Il y a trois ans sortait, au cœur de la torpeur estivale, La Traversée du temps, un petit film d’animation que personne n’attendait vraiment. On y suivait le parcours d’une jeune fille qui se découvrait le pouvoir de remonter dans le temps, rencontrait l’amour et apprenait les responsabilités – en un mot : mûrissait. Sans être inoubliable, cette œuvre au propos délicat distillait un charme ténu mais tenace. C’est donc avec un intérêt certain que l’on découvre le film suivant du réalisateur Mamoru Hosoda, une déclinaison moderne des Tron et des War Games d’antan… et c’est avec une réelle tristesse que l’on se retrouve à ne pas l’aimer du tout.
Dans un futur proche, le monde entier est connecté à Oz, une plate-forme multimédia qui centralise services, loisirs et même administrations et institutions. Kenji, un jeune lycéen brillant, vient passer quelques jours d’été à la campagne à la demande de sa jolie camarade Natsuki qui, à sa grande surprise, le fait passer pour son fiancé auprès de sa riche famille. Quand un programme malveillant s’attaque à Oz, plongeant dans le chaos les deux mondes – le réel, le virtuel –, Kenji et la famille de Natsuki se retrouvent au cœur de la tourmente.

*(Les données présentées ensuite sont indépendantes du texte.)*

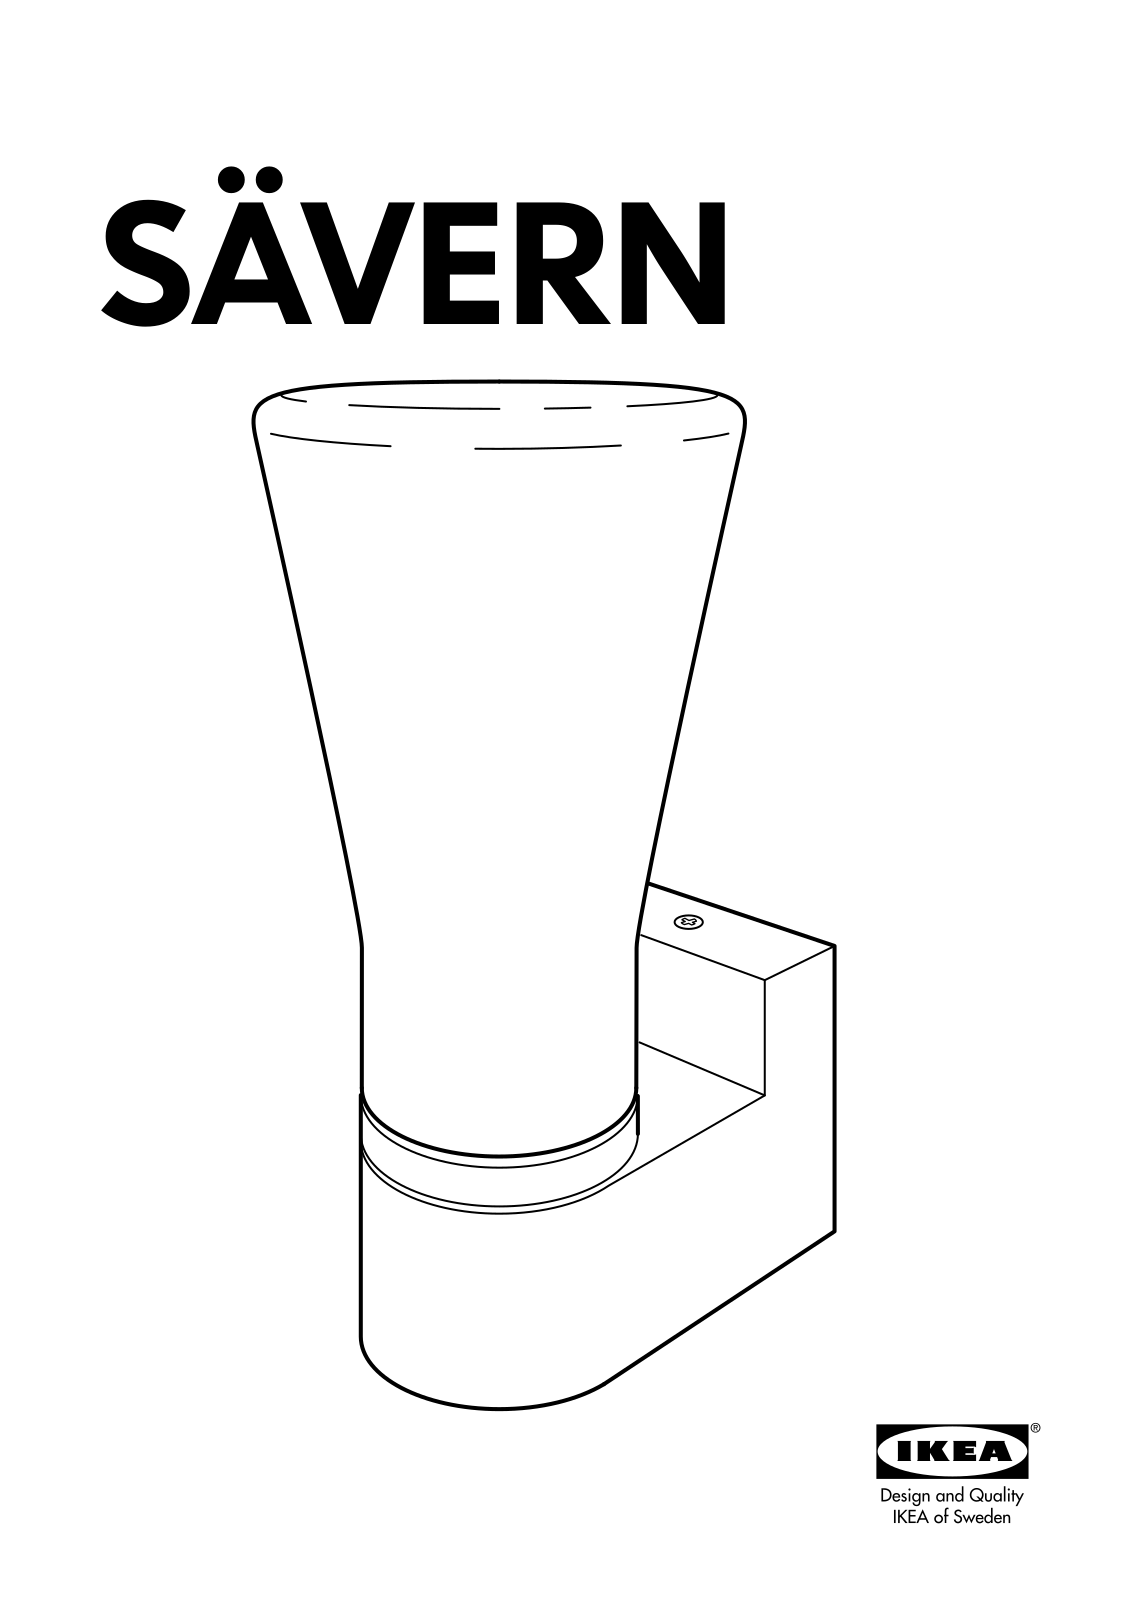 IKEA SAVERN User Manual

Plus complexe et ambitieux que La Traversée du temps, Summer Wars tente, avec un bonheur relatif, d’associer deux techniques d’animation correspondant aux deux cadres du récit. Si le dessin traditionnel utilisé pour les scènes situées dans le « monde réel » déçoit malgré quelques beaux décors – la faute à une animation sommaire et à des personnages aux traits parfois grossiers –, les images numériques qui prévalent dans Oz offrent quelques visions saisissantes. Malheureusement, elles sont progressivement contaminées par une esthétique de mauvais jeu vidéo, qui vire au kitsch lors d’un happy end ridicule.
Summer Wars ne fait pas que mélanger les styles, c’est également un étonnant patchwork de genres et d’ambiances. Mais rien ne prend vraiment. L’hystérie toute nippone des personnages est plus pénible que comique, les émois du héros godiche et de son amoureuse nunuche peinent à captiver. Surtout, le décalage entre l’ampleur de la catastrophe et le cadre resserré de sa narration – une réunion familiale –, pourtant intéressant sur le papier, produit peu d’étincelles.

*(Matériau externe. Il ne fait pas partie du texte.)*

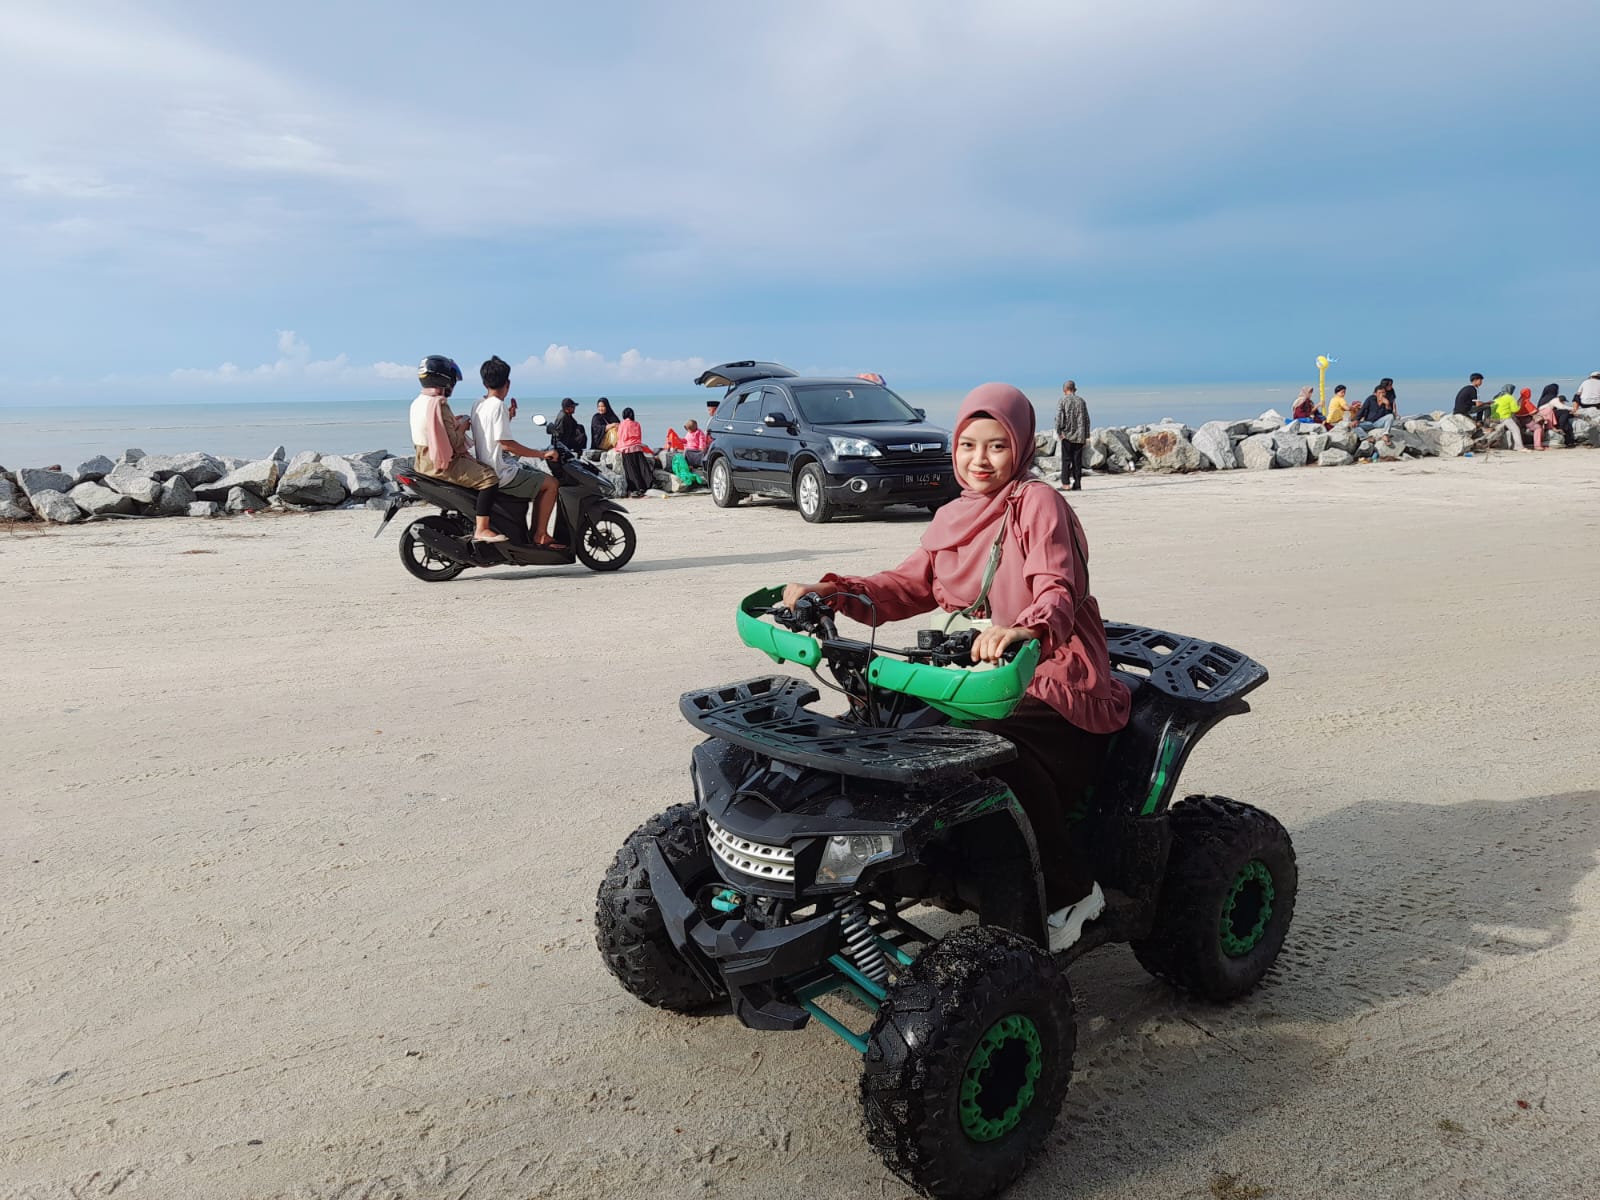 Menjajal ATV di Pantai Kebang Kemilau, Seru Habis dan Cocok untuk Liburan

On cherche alors à se raccrocher au discours du film. À la lecture du synopsis, on pouvait en effet s’attendre à une évocation des dangers des réseaux sociaux au travers d’une fable d’anticipation. Voilà qui aurait constitué un beau et louable projet, tant la sphère de l’intime et de la vie privée se réduit aujourd’hui à peau de chagrin, avec la participation active de ceux-là même qui pâtiront demain de cette fâcheuse évolution. Mais Summer Wars délaisse ce sujet en or au profit d’un discours confus et idéologiquement à côté de la plaque. Oz, espace de centralisation de données effrayant et totalitaire sous ses dehors kawaii, est en effet présenté comme un sympathique terrain de jeux et un outil bénéfique, parfaitement intégré à la vie quotidienne des personnages qui naviguent sans cesse et sans mal entre le monde matériel et celui de l’information numérique. Ses concepteurs et propriétaires ne sont jamais nommés – Oz est un Éden décentralisé, à l’abri des luttes de pouvoir et des pesanteurs économiques et sociales. On est bien loin de l’inquiétant cyberespace décrit par Ghost in the Shell et autres œuvres visionnaires.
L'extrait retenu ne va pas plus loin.